Like the pope, we see many inequities around the world robbing people of their dignity and preventing them from sharing in the fruits of global prosperity. It is also true that in some places this includes dehumanizing practices that reduce men and women to cogs. We would only point out that in the parts of the earth where people are suffering most from these trends, it is not so much the free market as a rigged market that is to blame.
Many headlines sum up the pope’s letter as a critique of “unfettered” capitalism, and it’s certainly true that Pope Francis believes our financial world needs re-ordering. In reality, of course, unfettered capitalism doesn’t exist. But the places where it comes closest — say, Hong Kong — provide much more real opportunity and dignity for the poor than places where markets are greatly limited.

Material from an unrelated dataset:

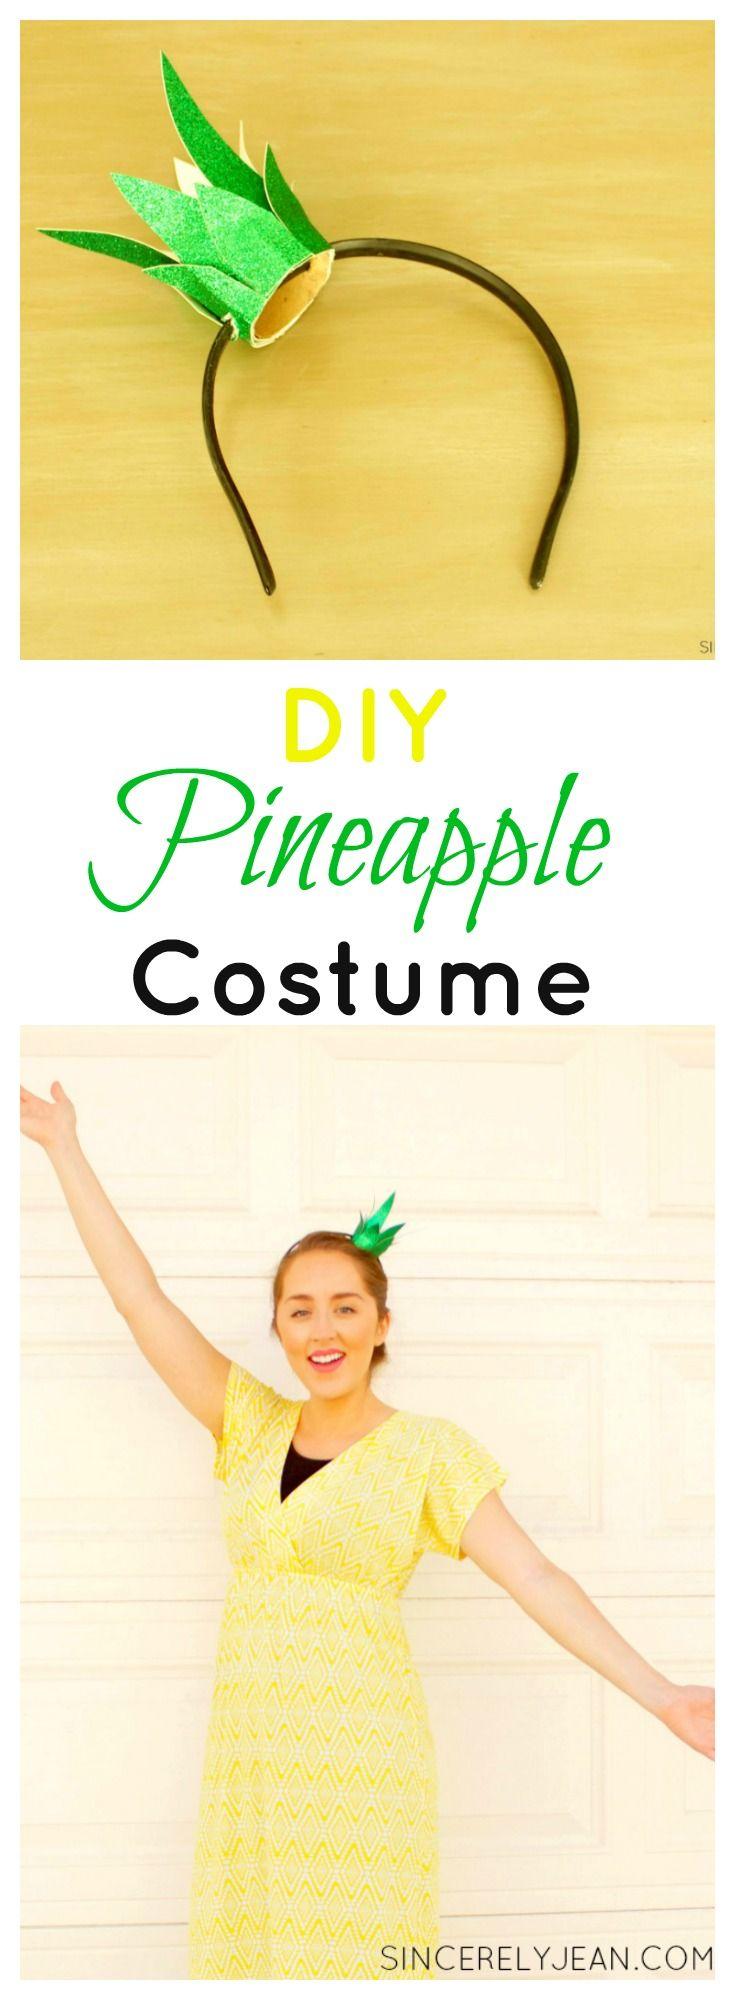 DIY Pineapple Costume /Headband Tutorial - SincerelyJean.com: Three Sisters…

In truth, the pope’s real enemy is crony capitalism, which he has had long experience with because it dominates his native Latin America. This is a capitalism that insulates the rich and powerful from competition at home and abroad. Under crony capitalism, the poor pay more because they are denied access to better-priced goods and services from abroad; and they have fewer opportunities to use their talents and enterprise to better their conditions. And it is highly corrupting.
We fully share the pope’s concern about an “economy of exclusion and inequality.”
It’s one that is now growing in the U.S., surprising as that may be to many people. So now that the consciousness of big media has been roused by this pope’s call to urgent action, hopefully they’ll stay on message and follow where it leads.